Factory function to create a Gemini client with user-specific Helicone headers.
Args:
user_id: Optional user identifier for Helicone tracking
session_id: Optional session identifier for Helicone tracking
session_name: Optional name for the session in Helicone
session_path: Optional path for the session in Helicone
custom_properties: Optional dictionary of custom properties for Helicone
other_metadata: Optional dictionary of additional metadata headers
Returns:
Configured Gemini client with Instructor integration
"""
# Base headers required for Helicone
metadata: List[Tuple[str, str]] = [
("helicone-auth", f"Bearer {os.environ.get('HELICONE_API_KEY')}"),
("helicone-target-url", "https://generativelanguage.googleapis.com"),
]
# Add user_id if provided
if user_id:
metadata.append(("helicone-user-id", user_id))
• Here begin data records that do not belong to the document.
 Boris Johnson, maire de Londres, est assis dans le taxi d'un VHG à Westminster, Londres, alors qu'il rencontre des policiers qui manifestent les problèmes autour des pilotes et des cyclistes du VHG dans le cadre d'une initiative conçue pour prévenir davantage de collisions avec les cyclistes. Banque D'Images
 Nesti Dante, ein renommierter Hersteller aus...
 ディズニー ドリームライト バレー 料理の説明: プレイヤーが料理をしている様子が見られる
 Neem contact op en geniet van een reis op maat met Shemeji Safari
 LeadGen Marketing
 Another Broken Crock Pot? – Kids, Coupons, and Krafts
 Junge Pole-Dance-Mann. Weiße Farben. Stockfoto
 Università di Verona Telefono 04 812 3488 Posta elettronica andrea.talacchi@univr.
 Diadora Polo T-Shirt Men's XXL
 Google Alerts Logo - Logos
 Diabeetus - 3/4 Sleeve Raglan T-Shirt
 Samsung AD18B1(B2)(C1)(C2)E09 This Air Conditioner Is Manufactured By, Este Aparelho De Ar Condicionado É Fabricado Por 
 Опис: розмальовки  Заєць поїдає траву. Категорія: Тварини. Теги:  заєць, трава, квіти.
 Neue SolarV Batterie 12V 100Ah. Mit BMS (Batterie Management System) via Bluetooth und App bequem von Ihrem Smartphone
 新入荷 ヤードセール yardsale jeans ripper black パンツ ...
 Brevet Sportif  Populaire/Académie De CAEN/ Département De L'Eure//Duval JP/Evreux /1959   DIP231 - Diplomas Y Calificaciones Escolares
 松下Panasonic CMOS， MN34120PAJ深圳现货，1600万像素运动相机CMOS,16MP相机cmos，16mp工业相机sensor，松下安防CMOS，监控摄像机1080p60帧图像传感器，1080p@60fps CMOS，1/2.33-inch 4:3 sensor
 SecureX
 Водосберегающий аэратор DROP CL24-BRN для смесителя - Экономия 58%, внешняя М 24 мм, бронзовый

# Add session_id if provided
if session_id:
metadata.append(("helicone-session-id", session_id))
# Add session_name if provided
if session_name:
metadata.append(("helicone-session-name", session_name))
# Add session_path if provided
if session_path:
metadata.append(("helicone-session-path", session_path))
# Add custom properties if provided
if custom_properties:
for key, value in custom_properties.items():
metadata.append((f"helicone-property-{key}", value))
# Add other metadata if provided
if other_metadata:
for key, value in other_metadata.items():
metadata.append((key, value))
# Configure the client with metadata
genai.configure(
api_key=os.environ.get('GOOGLE_API_KEY'),
client_options={
"api_endpoint": "gateway.helicone.ai",
},
default_metadata=metadata,
transport="rest",
)
# Create Gemini client with Instructor integration
gemini_client = instructor.from_gemini(
genai.GenerativeModel(
model_name="gemini-2.0-flash",
),
mode=instructor.Mode.GEMINI_JSON,
)
return gemini_client
session_client = setup_gemini_client(
user_id="user123",
session_id="session456",
session_name="Customer Support Chat",
session_path="/support/tickets/123",
custom_properties={
"job_id": "1234567890",
"job_name": "Customer Support Chat",
}
)
response = session_client.chat.completions.create(
messages=[
{"role": "user", "content": "What are black holes?"}
],
response_model=Response
)
This factory method approach allows you to create clients with different user identifiers, session tracking, and custom properties for each request, working around the current limitation in the Gemini SDK while providing comprehensive tracking capabilities in Helicone.